To correct this issue, download and update your Thunderbird or Firefox package.

CVE-2018-16996: Same Origin Policy bypass through data: and base URL Schemes The Mozilla project identified another vulnerability in Thunderbird that could allow an attacker to bypass the Same Origin Policy and inject content into a site.
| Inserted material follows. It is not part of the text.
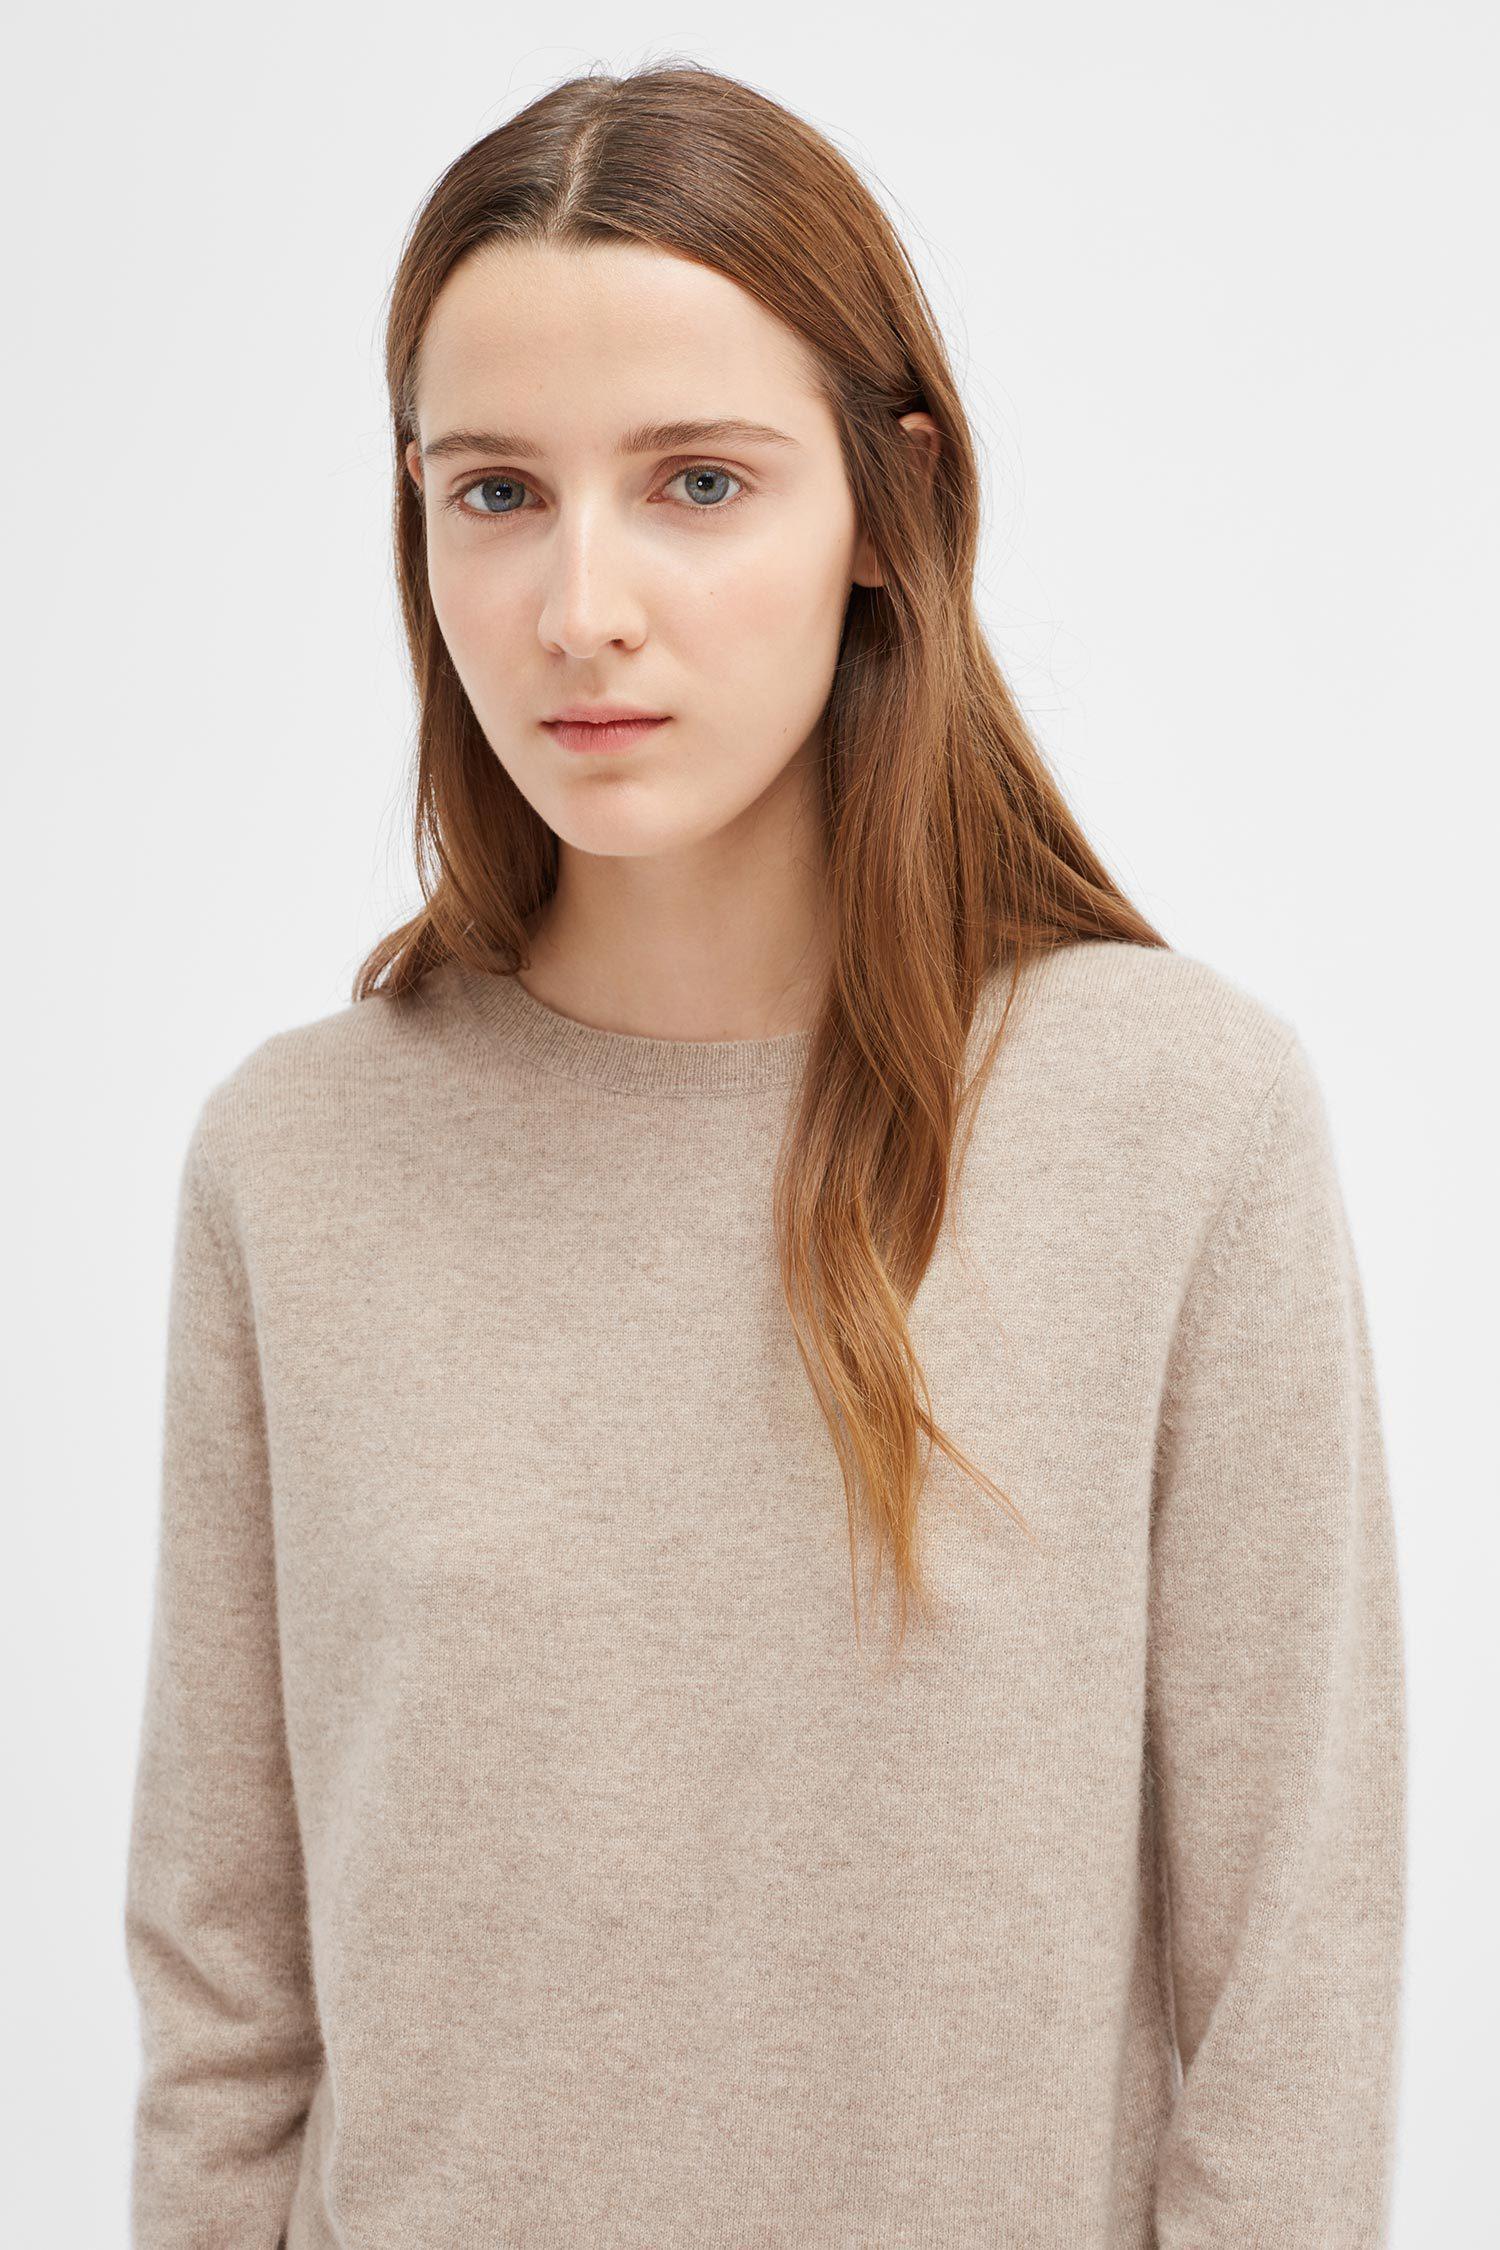 Lyst - Chinti & Parker Oatmeal Cashmere Crew Sweater in Natural

This vulnerability affects Thunderbird  61.0.3 and Thunderbird ESR  52.3. ! -- SECURITY BUG: Same Origin Policy bypass through data: and base URL Schemes -- >
As described in the official advisory, when sending emails, some users would enter specific data: URIs in the “To”, “Cc”, and “Bcc” fields. If a user enters data: URIs into these fields, Thunderbird parses the data: URIs and tries to load them. If an attacker can control these data: URIs, then same-origin

Thunderbird FAQs

Q: Why did Thunderbird update to fix the vulnerability?
A: Mozilla released Thunderbird 52.3 and Thunderbird 61.0.3 to address this issue because of the potential for a crash or security breach which could lead to sensitive files being downloaded by malicious actors.

Thunderbird

Users Are Most Affected
Thunderbird Users are most affected by this vulnerability as an attacker can control the data: URIs in the “To”, “Cc”, and “Bcc” fields. This could result in messages being sent from an attacker controlled location, such as %APPDATA%\%HOMEPATH%\ or Windows system32/Users/{username}/AppData/ directory. For Thunderbird users this means that their files are downloaded to an attacker controlled location.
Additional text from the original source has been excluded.